▶ DATA:
=== Section Start ===
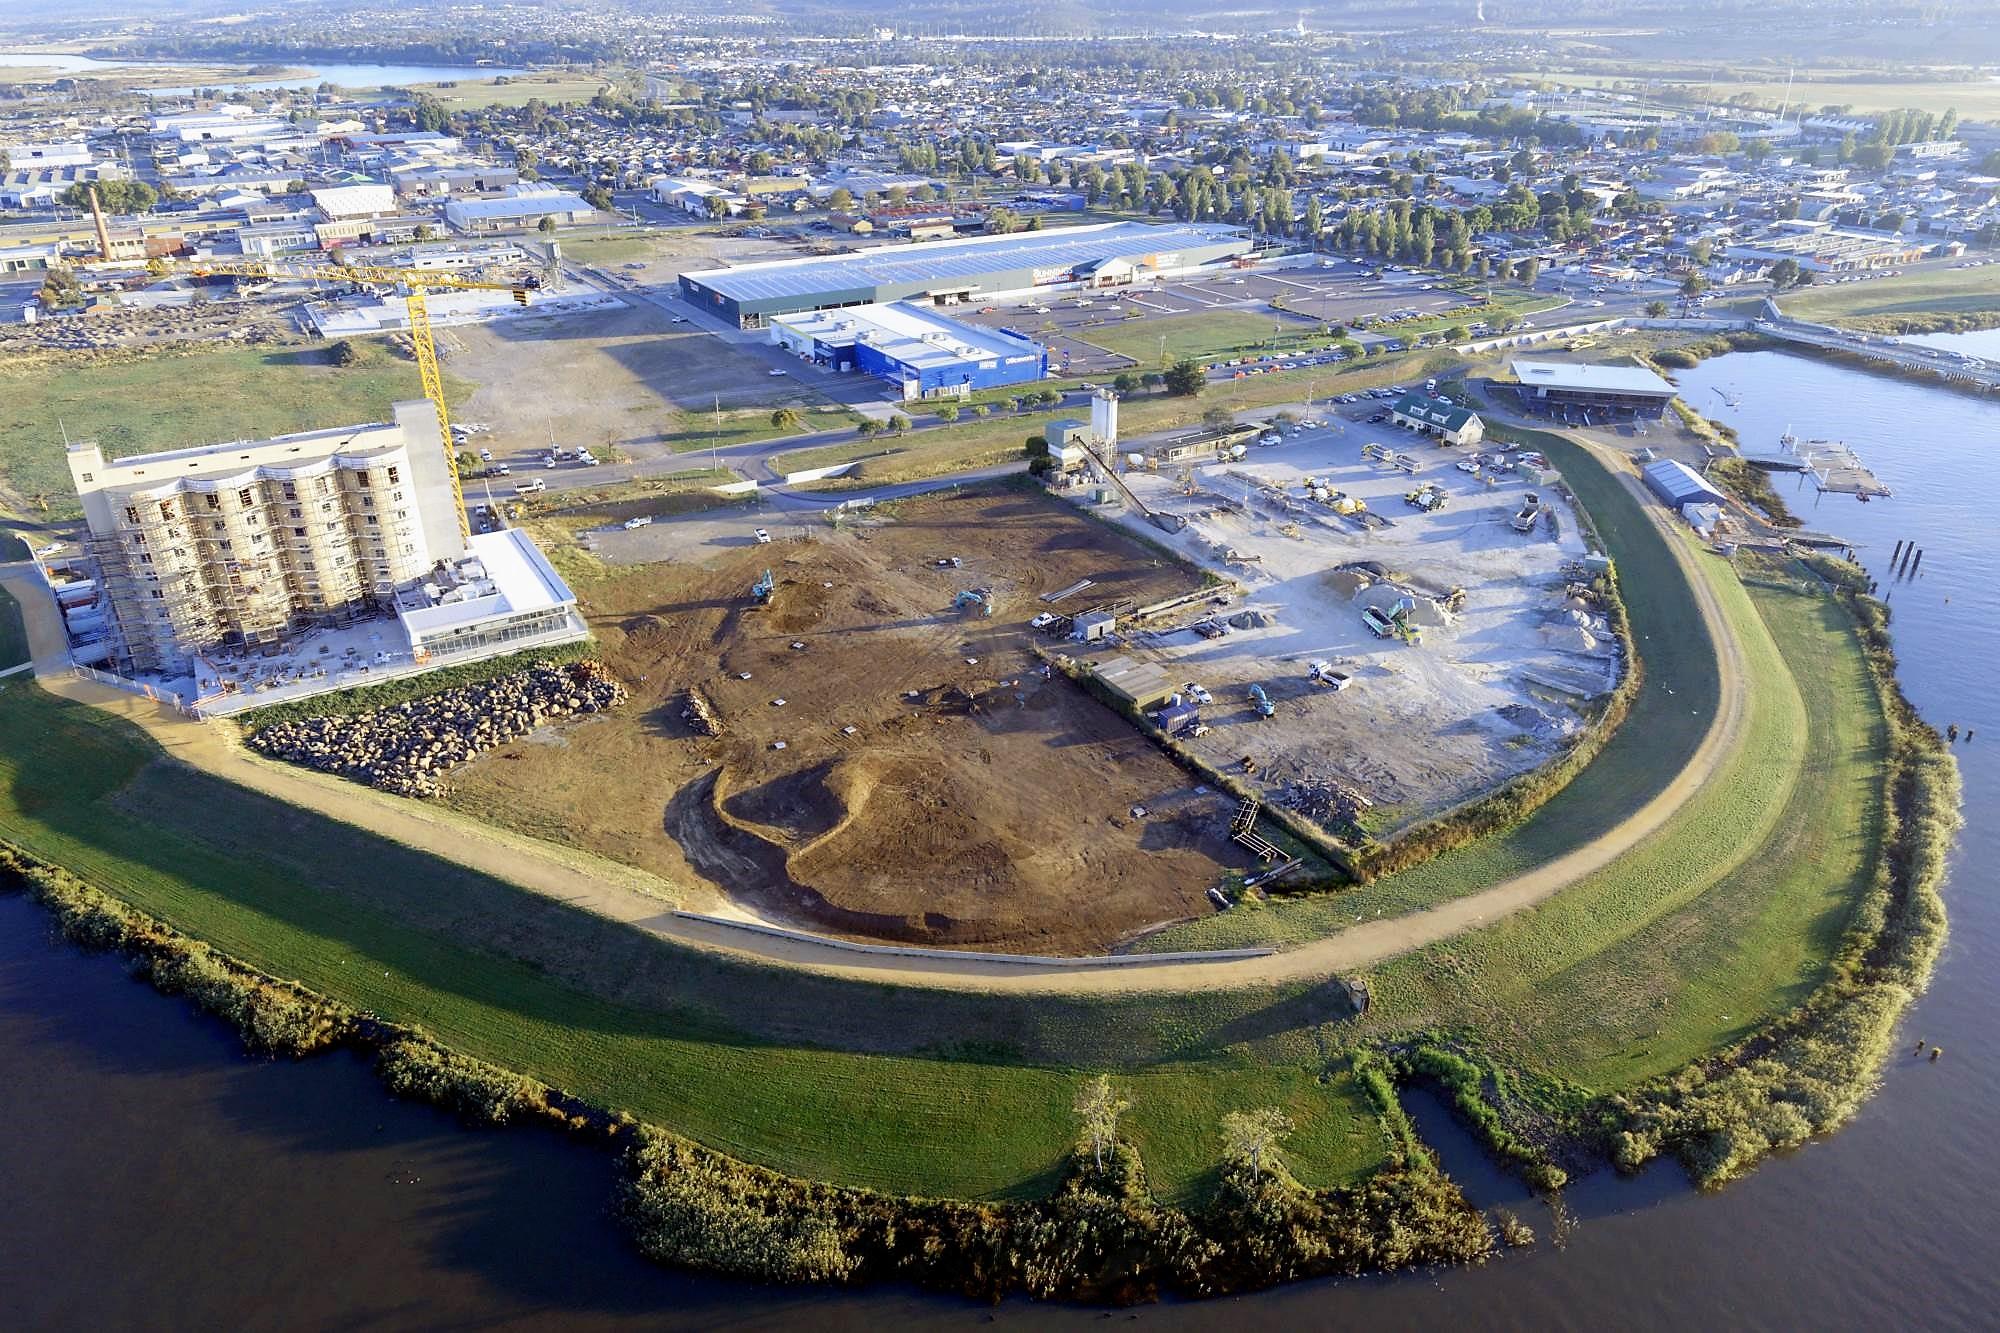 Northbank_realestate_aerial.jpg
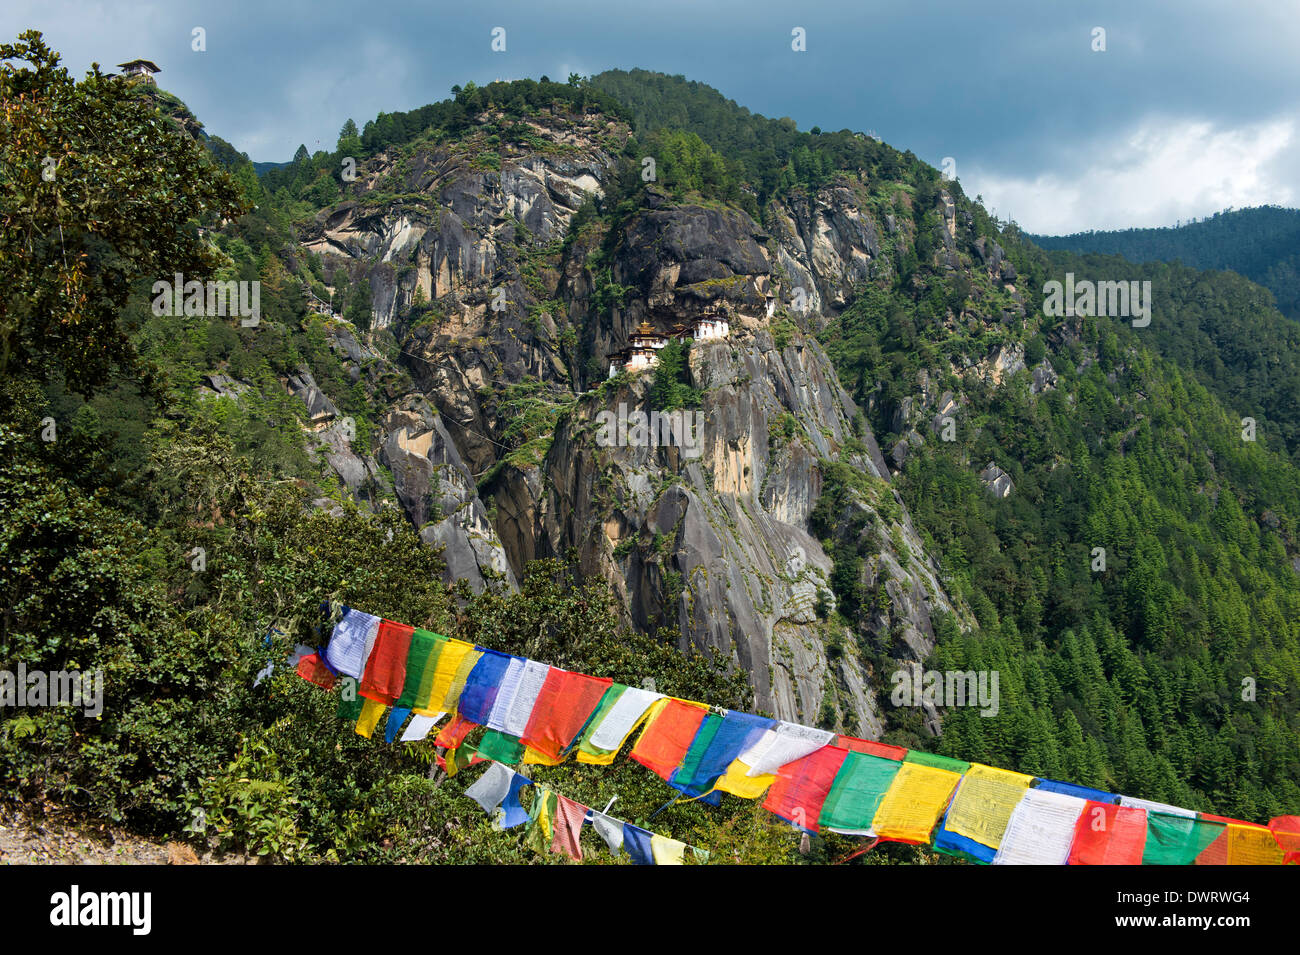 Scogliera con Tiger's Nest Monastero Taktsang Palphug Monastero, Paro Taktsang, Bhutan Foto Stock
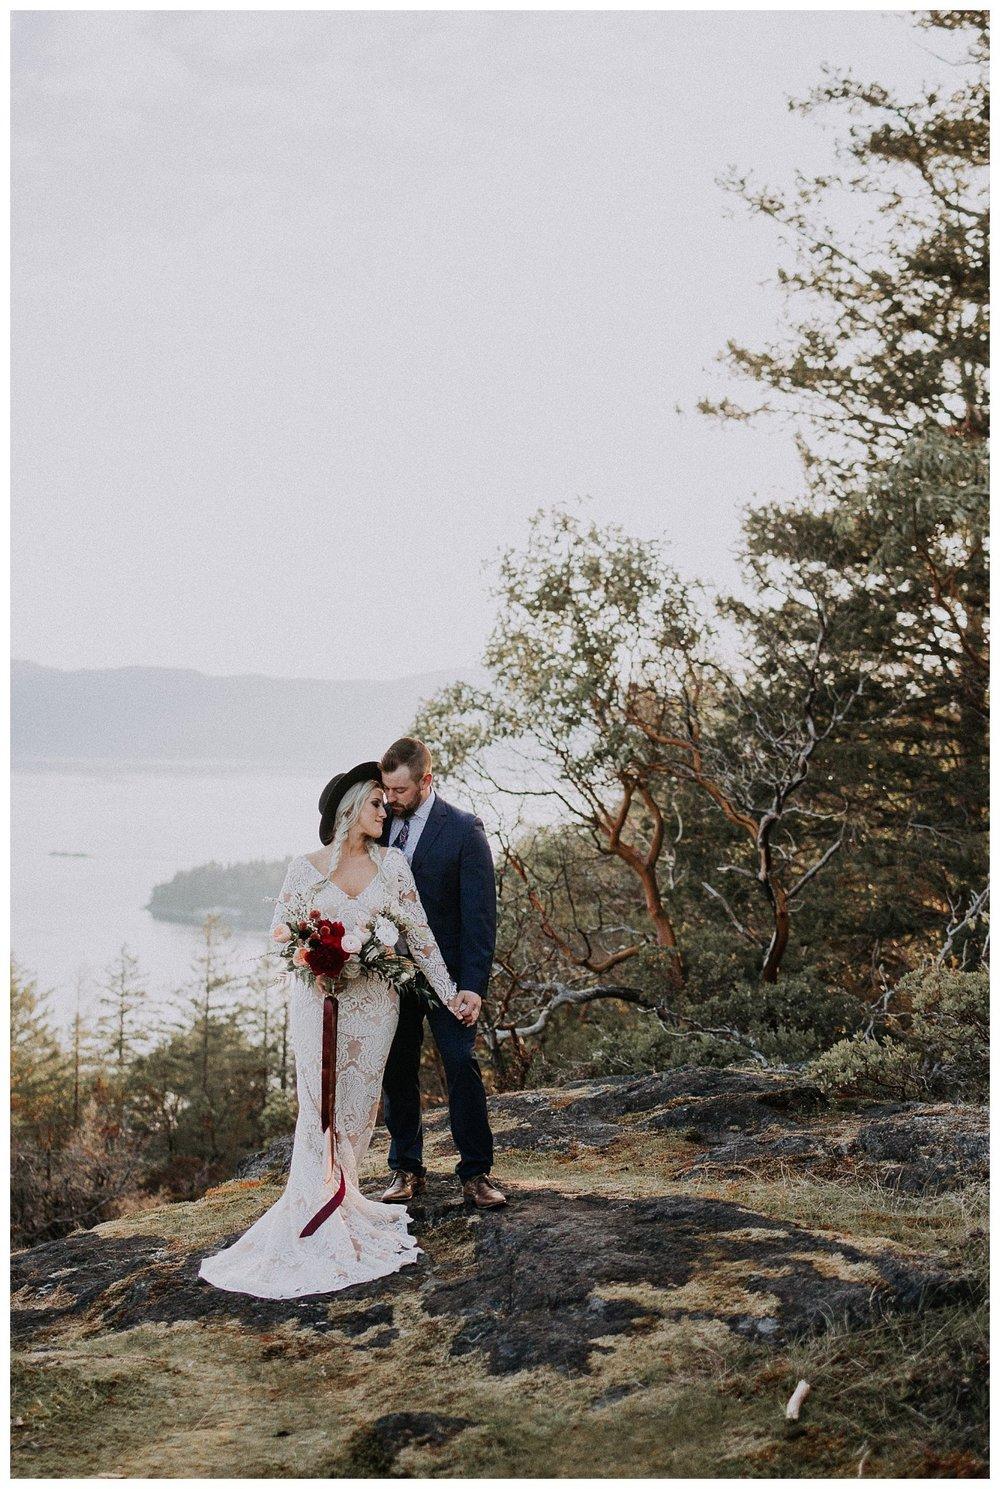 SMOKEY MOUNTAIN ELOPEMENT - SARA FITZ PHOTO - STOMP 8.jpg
=== Section End ===
▶ TASK PROMPT: Copy the listing exactly. Leave the pictures out.

▶ WRITTEN REPLY:
 Northbank_realestate_aerial.jpg
 Scogliera con Tiger's Nest Monastero Taktsang Palphug Monastero, Paro Taktsang, Bhutan Foto Stock
 SMOKEY MOUNTAIN ELOPEMENT - SARA FITZ PHOTO - STOMP 8.jpg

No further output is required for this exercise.